Lo spettacolo parte dalla rarefazione del salotto borghese delle due signorine, del quale rimangono solo un mobile, una bacinella e una pentola, dalla rarefazione della parola, sottratta, assente, e irrilevante, quando è presente, mentre la morale per quanto rarefatta schiaccia le due protagoniste a un destino ineluttabile, all'orizzonte di due esistenze conosciute costringendo le due Signorine a movimenti ripetuti, ossessivi, dettati, al contempo, da un impeto di emancipazione possibile ma improbabile e dalla disperazione per
essere prigioniere di ruoli, di paure, dei propri limiti.

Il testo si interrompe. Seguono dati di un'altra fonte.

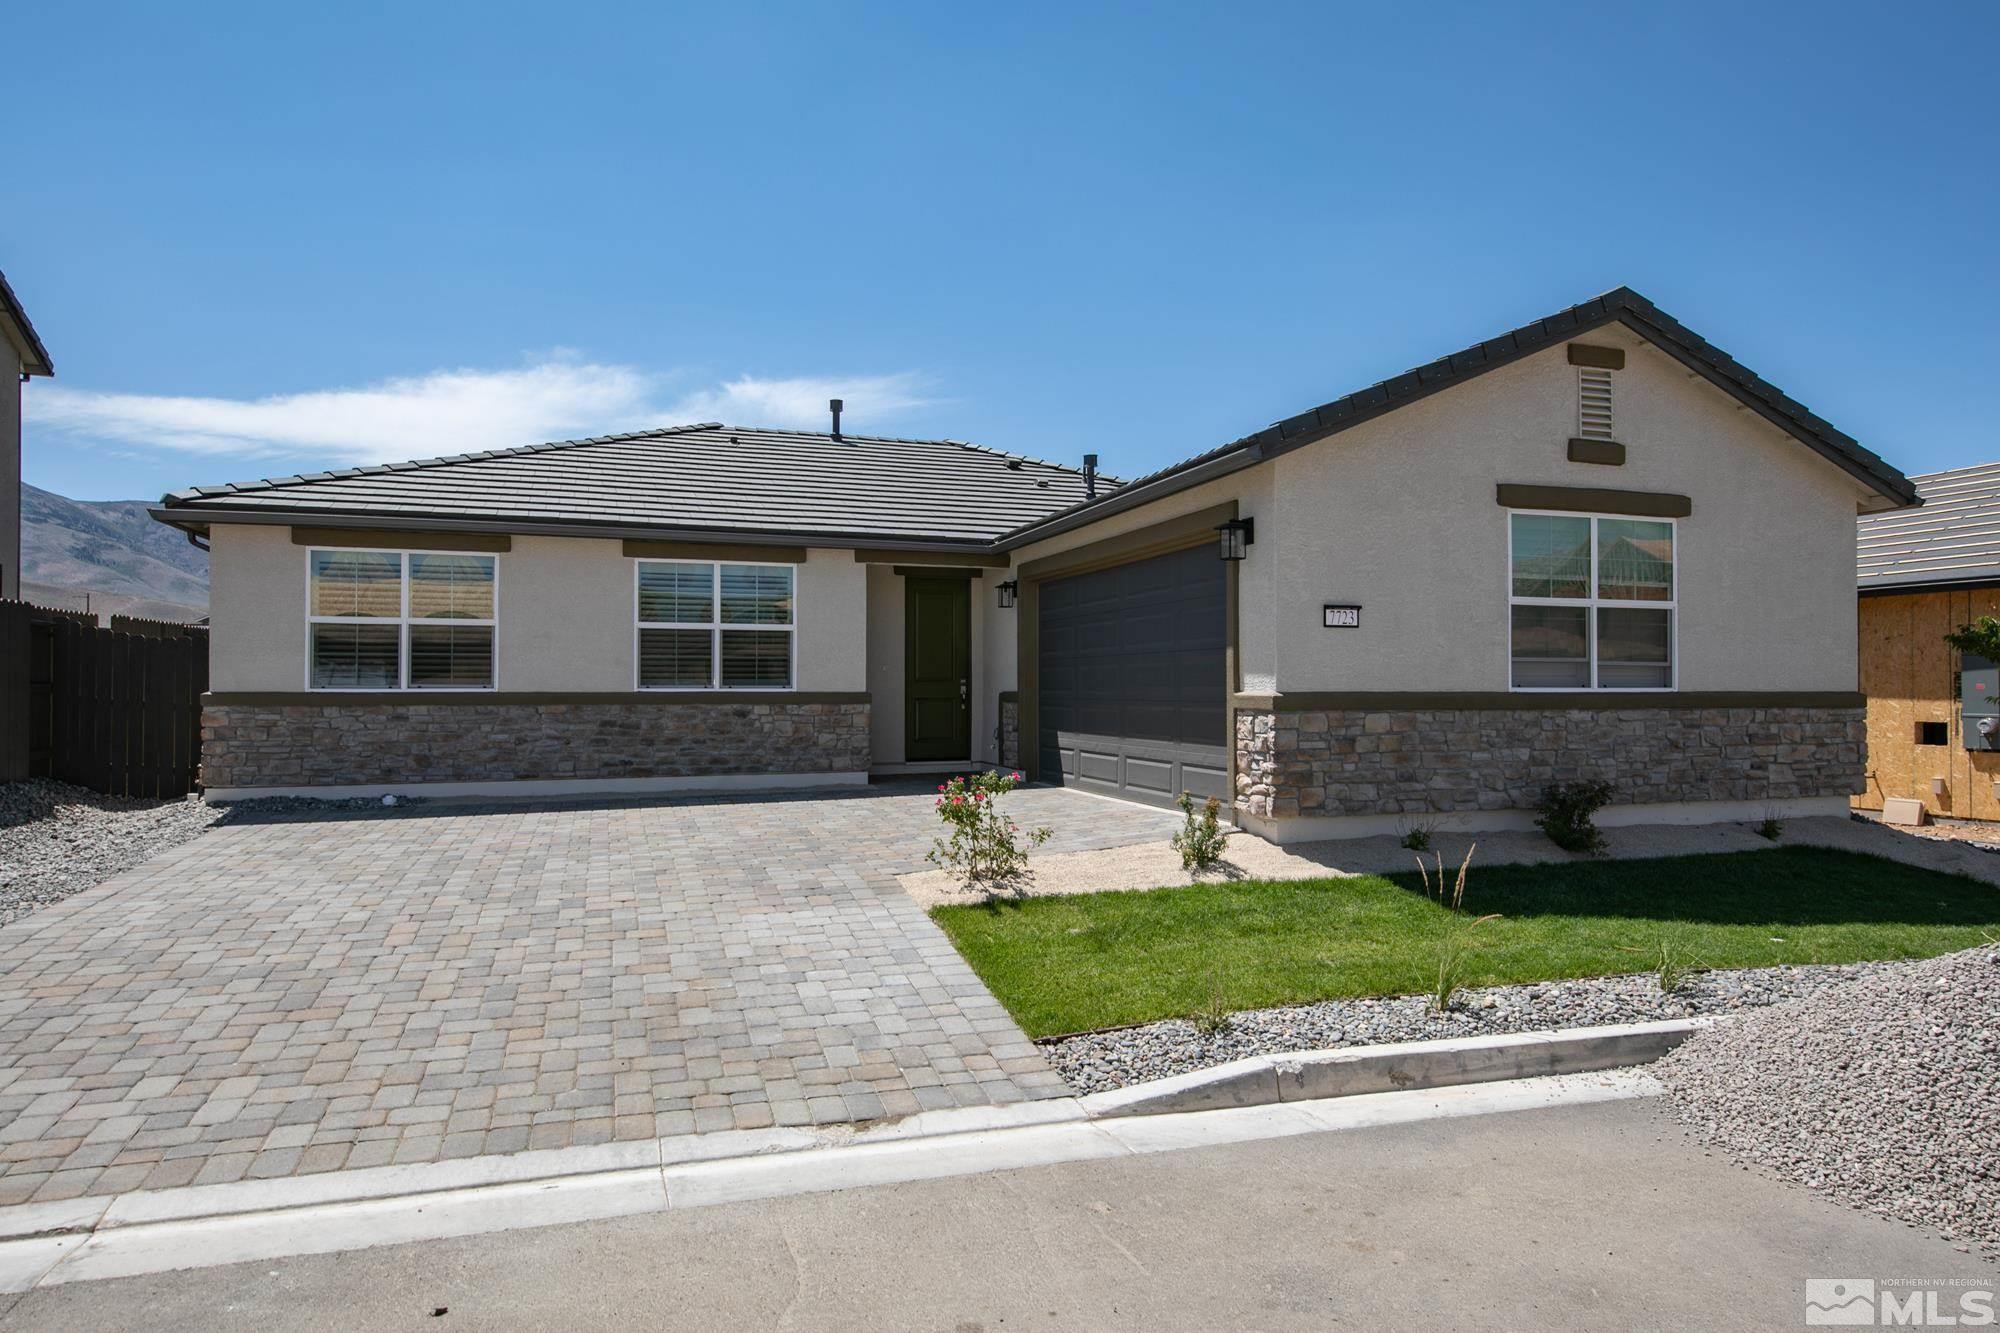 Image for 7723 Enclave Key Rd., Reno, NV 89506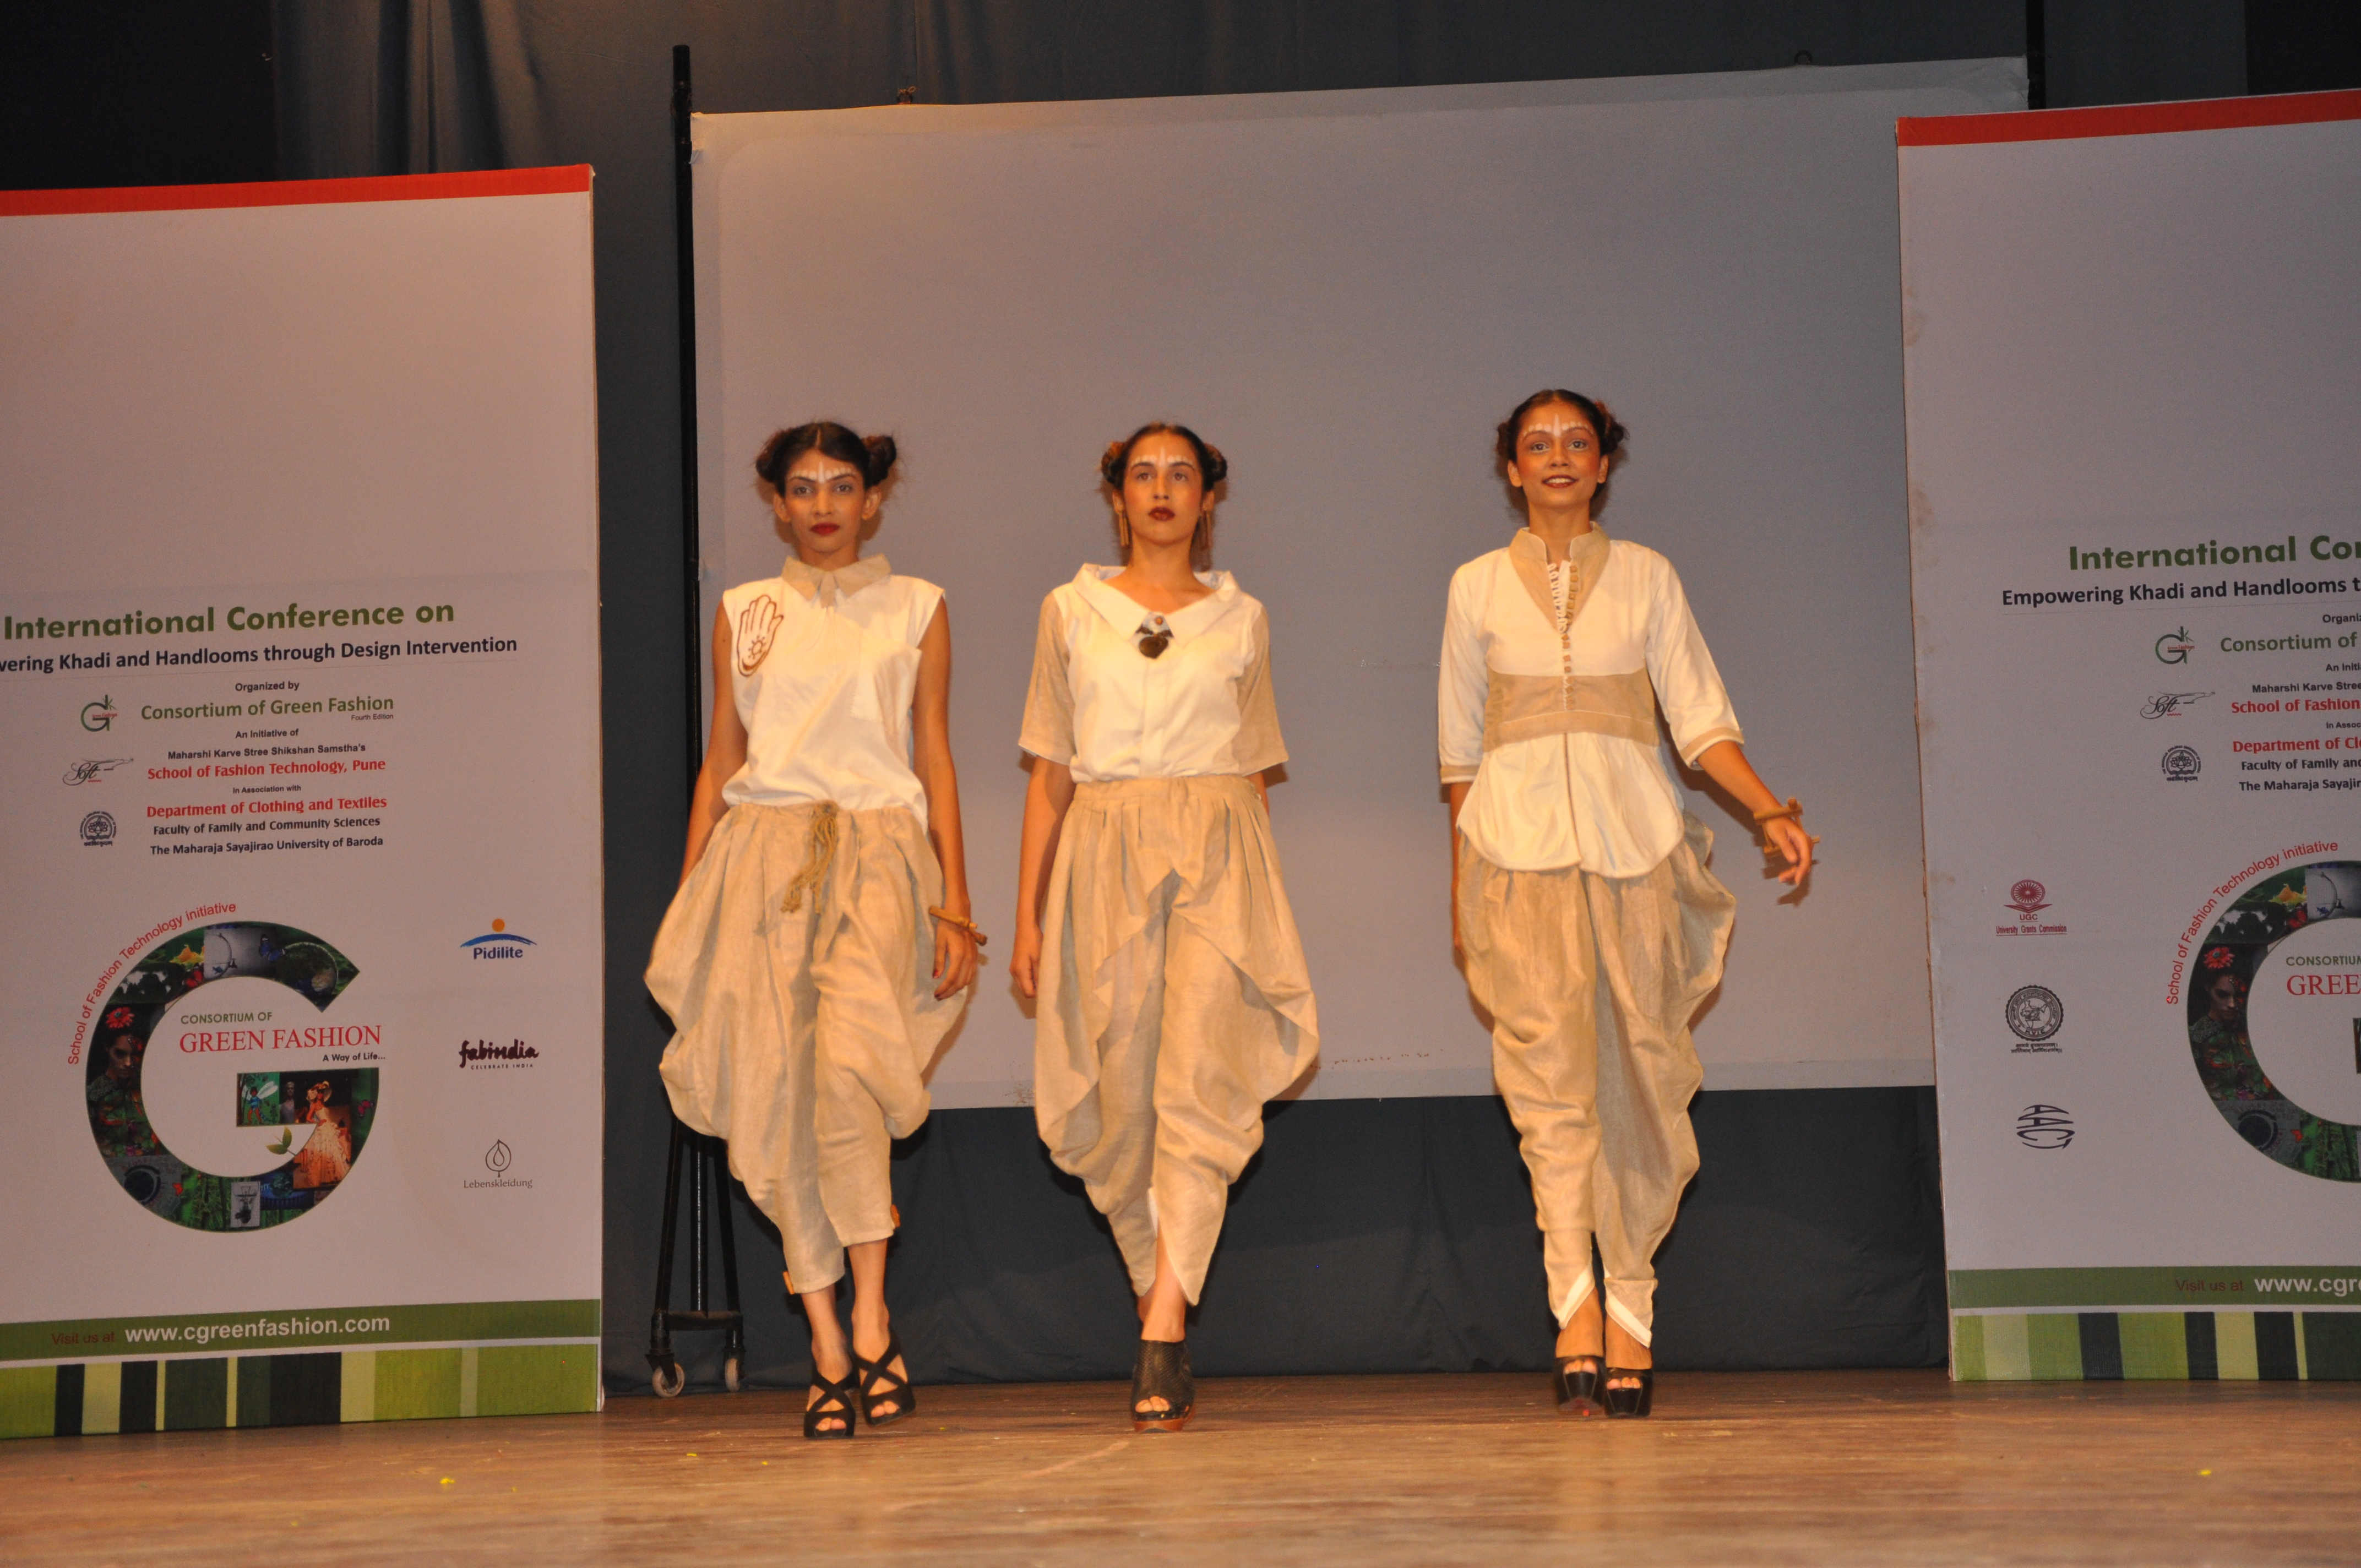 CFG Fashion Show

Le due attrici si muovono dando sempre le spalle al pubblico. Quando la coreografia le fa girare verso la platea le teste si voltano
imperterrite a mostrare al pubblico sempre una nuca che cela, dall'altra parte, una bocca distorta da un ghigno osceno, disegnato col rossetto , un ghigno che si intravederà, senza mai mostrarsi pienamente.
Tra rotolamenti, piegamenti, flessioni e contorcimenti degni delle migliori contorsioniste (una delle due riesce persino a chiudersi dentro il piccolo mobile...) lo spettacolo prosegue, di quadro in quadro, lasciando col fiato sospeso, perché si percepisce il
malessere delle due protagoniste, ma anche la loro gran voglia di vivere, un afflato alla vita che non trova il coraggio di essere e rimane sospeso in un gesto ripetuto, nella complessità di un movimento, nella testardaggine della ripetizione disordinata.
Ma nulla sembra essere necessario, e, la ripetizione può anche essere il capriccio borghese di chi si annoia della vita, di chi è narcisisticamente chiuso nell'autocompiacimento di sé.
E alla fine, il riferimento, nel programma di sala, a Beccket ("Il lavoro si ispira alle opere (...) Mal visto mal detto (1981), Respiro (1968) e al cortometraggio Film (1963).") rimane un puro pretesto. Così come criptica è la ragione dell'inserimento di questo spettacolo in una rassegna di Teatro Omosessuale. L'opera di astrazione, di rarefazione, è talmente radicale che è impossibile, almeno per chi scrive, procedere a ritroso dal gesto delle due attrici al testo (o al contesto) degli spettacoli citati. Come in un quadro di Mondrian i rami degli alberi hanno lasciato posto alle righe e alle superfici di colore e l'emozione per l'astratto che sostituisce l'organico si confonde con la frustrazione per non riuscire a seguire il senso dell'operazione, nemmeno la sua eco emotiva, che rimane trattenuta, sospesa, in uno spasmo di piacevole incertezza.
Roma, Teatro Belli, 19 e 20 Giugno
Visto il
al
Teatro i
di Milano
(MI)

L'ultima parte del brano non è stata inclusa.